[[ Data extract, beginning ]]
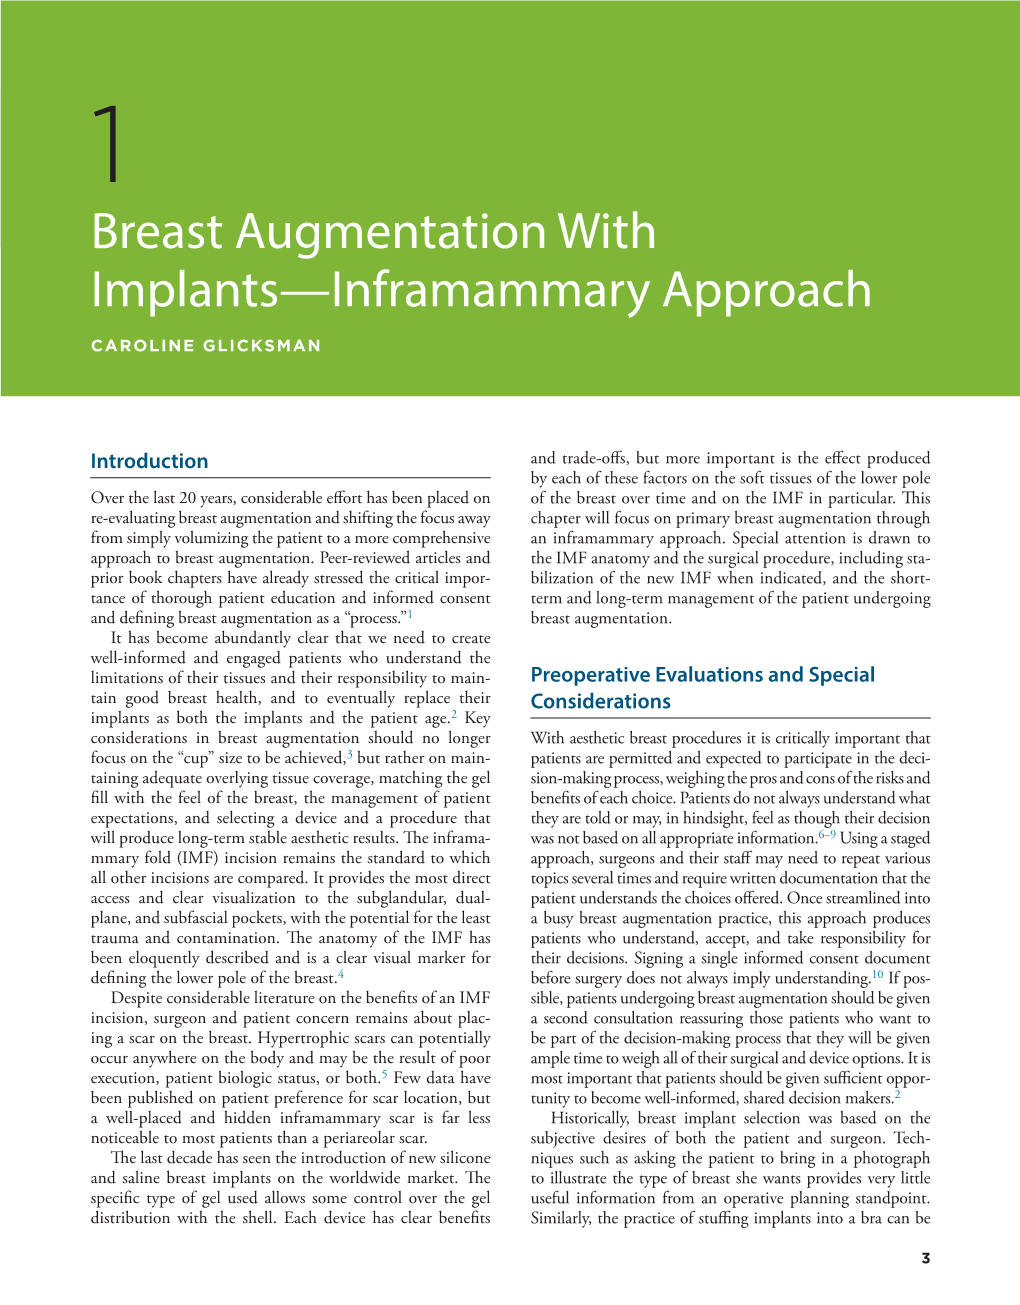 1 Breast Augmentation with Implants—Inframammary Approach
[[ Data extract, end ]]
[[ Data extract, beginning ]]
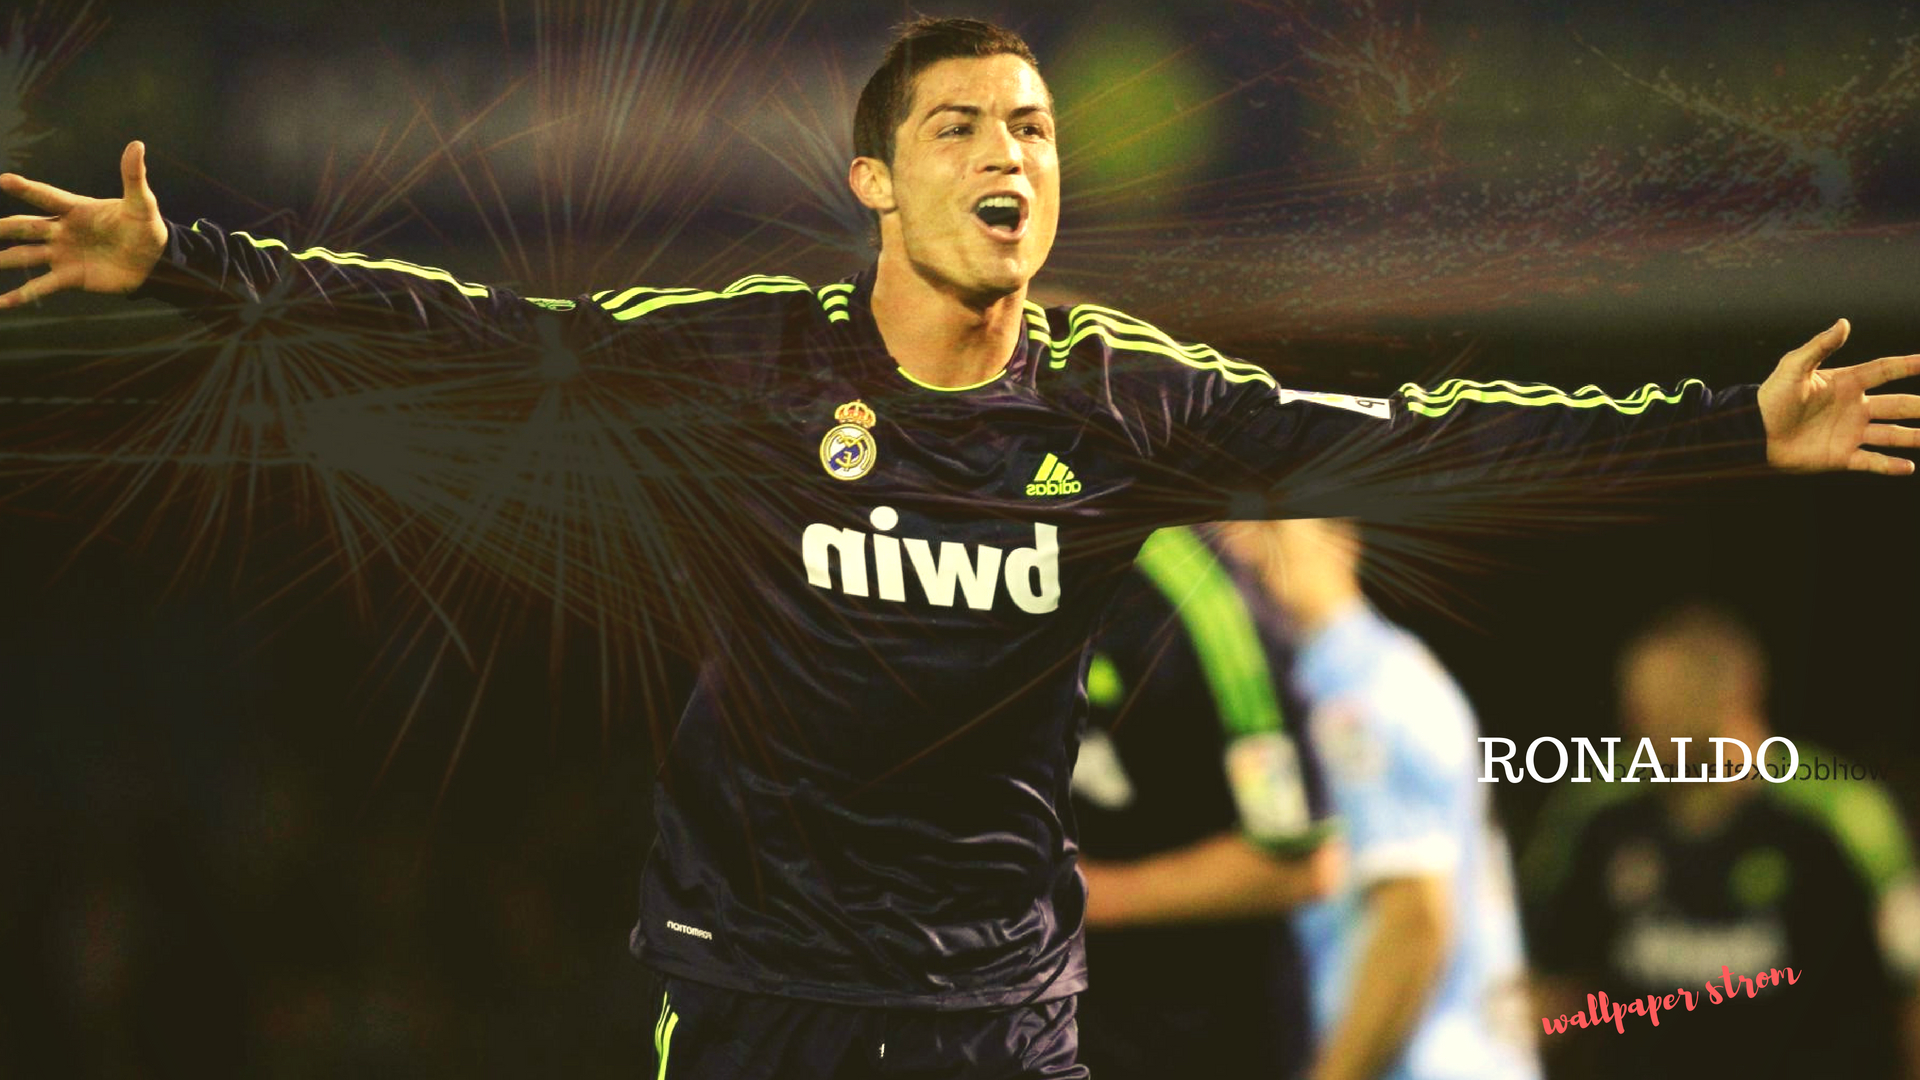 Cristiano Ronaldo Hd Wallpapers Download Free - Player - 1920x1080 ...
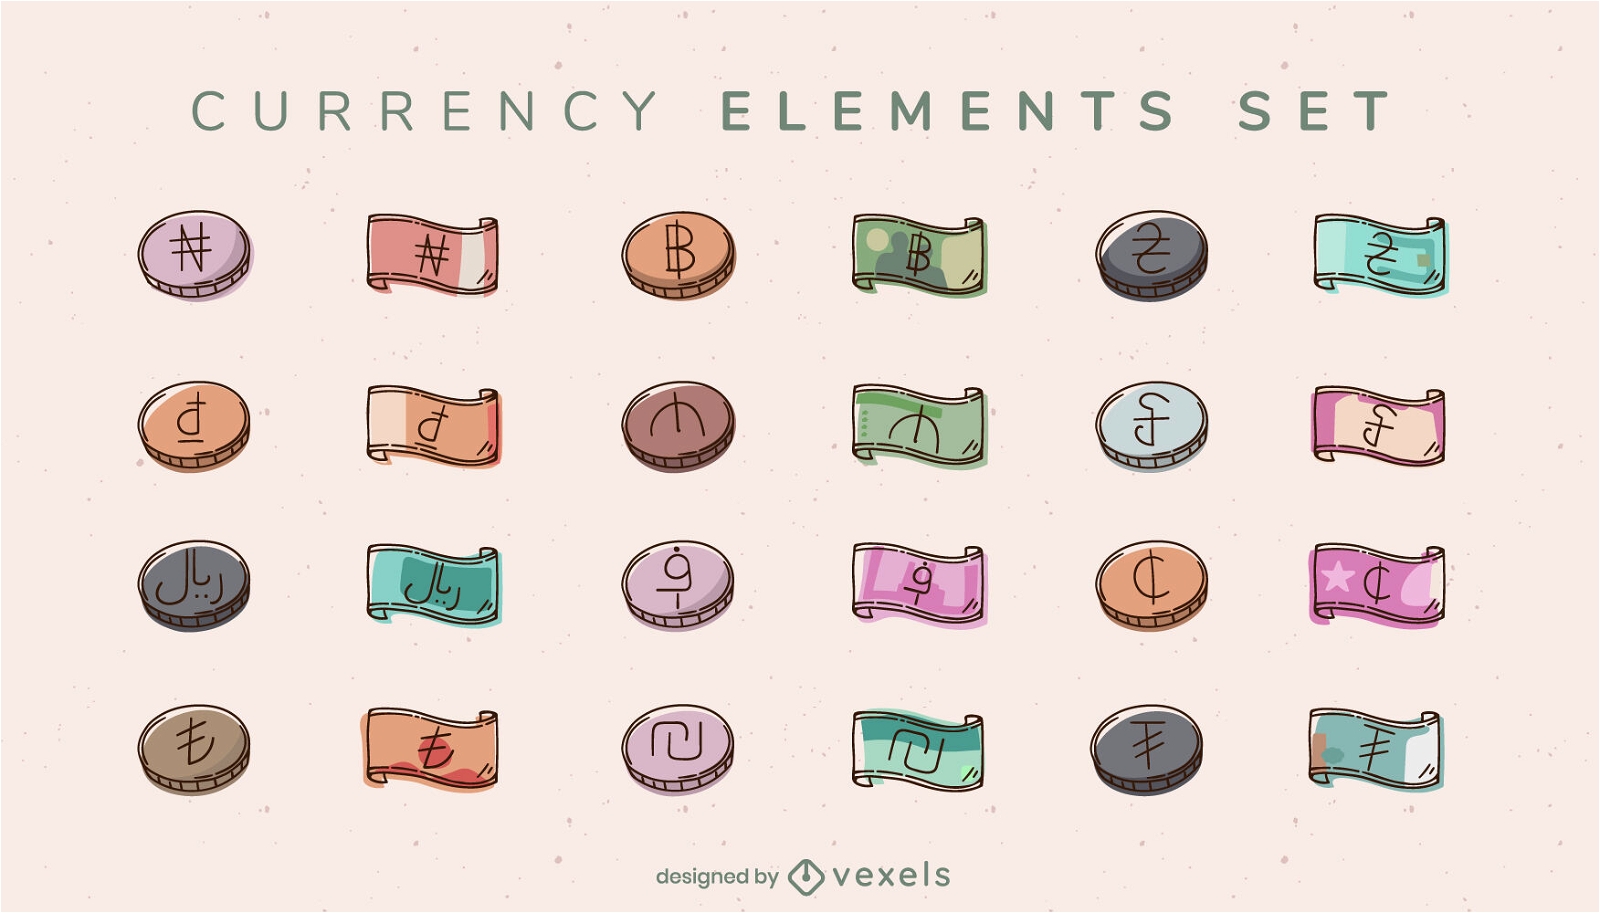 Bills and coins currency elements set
[[ Data extract, end ]]
[[ Data extract, beginning ]]
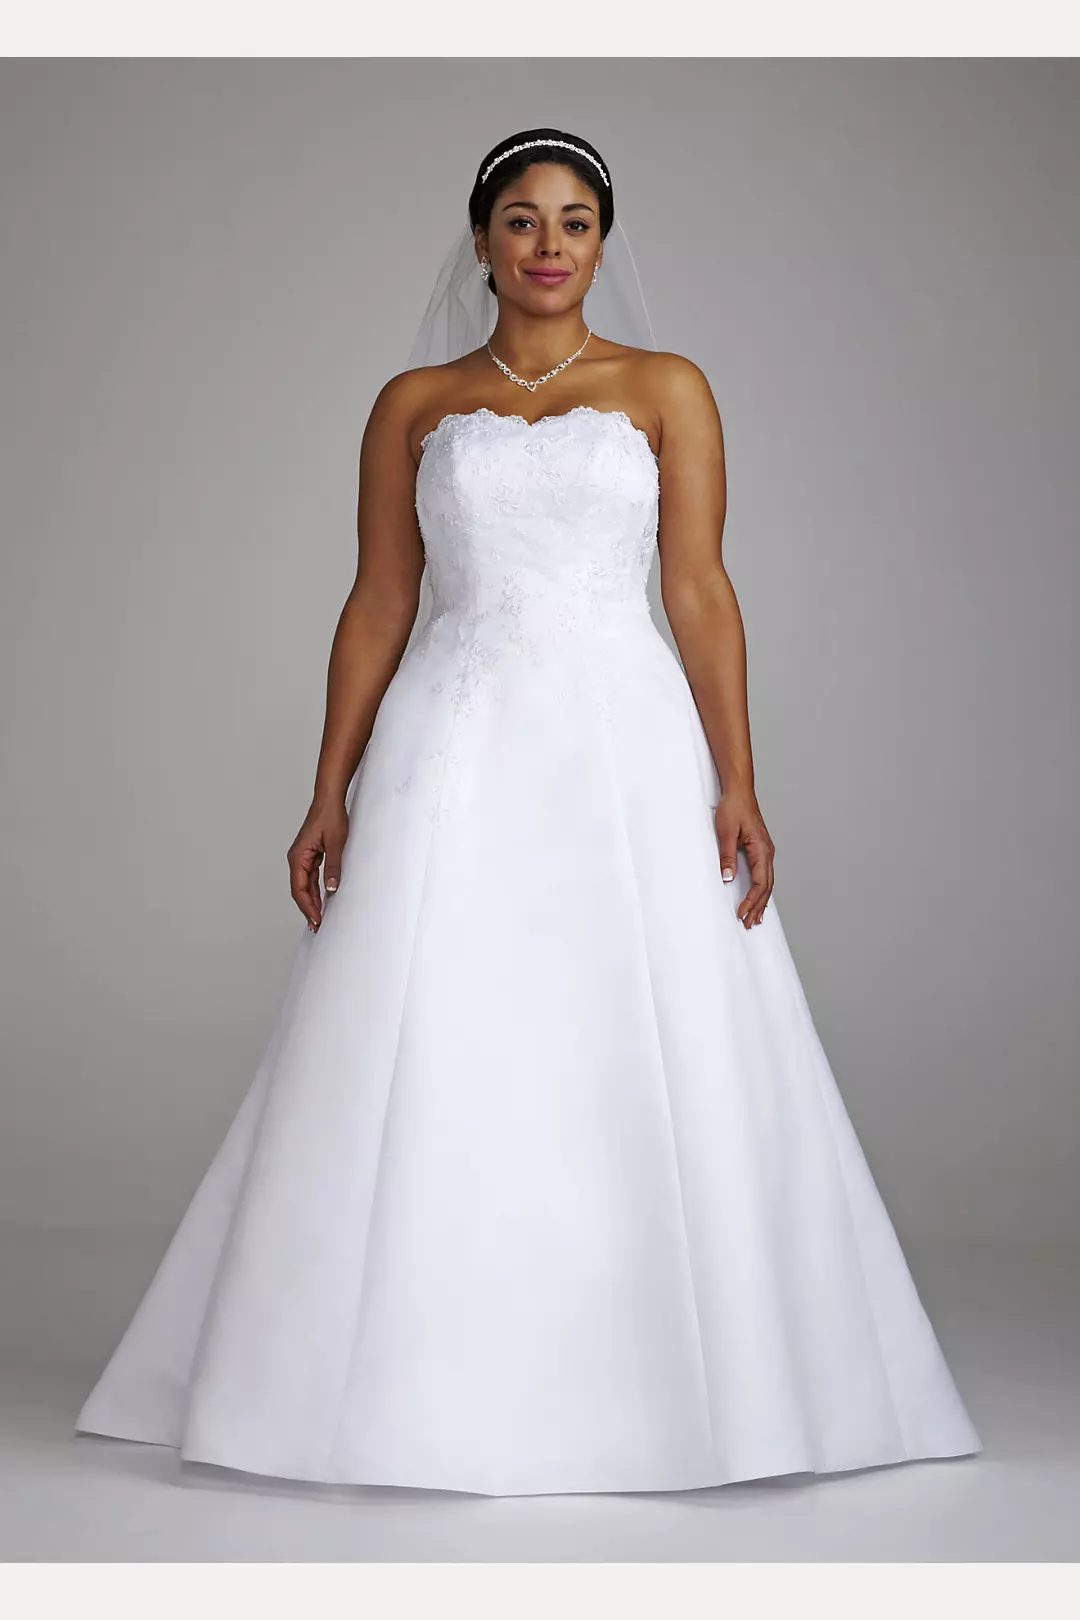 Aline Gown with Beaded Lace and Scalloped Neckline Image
[[ Data extract, end ]]
» Exercise aim
Only one stretch of the listing is wanted: the lines starting at the one with "Cristiano Ronaldo Hd" and ending at the one with "Bills and coins currency elements set", copied exactly and free of pictures.

» Solved problem
 Cristiano Ronaldo Hd Wallpapers Download Free - Player - 1920x1080 ...
 Bills and coins currency elements set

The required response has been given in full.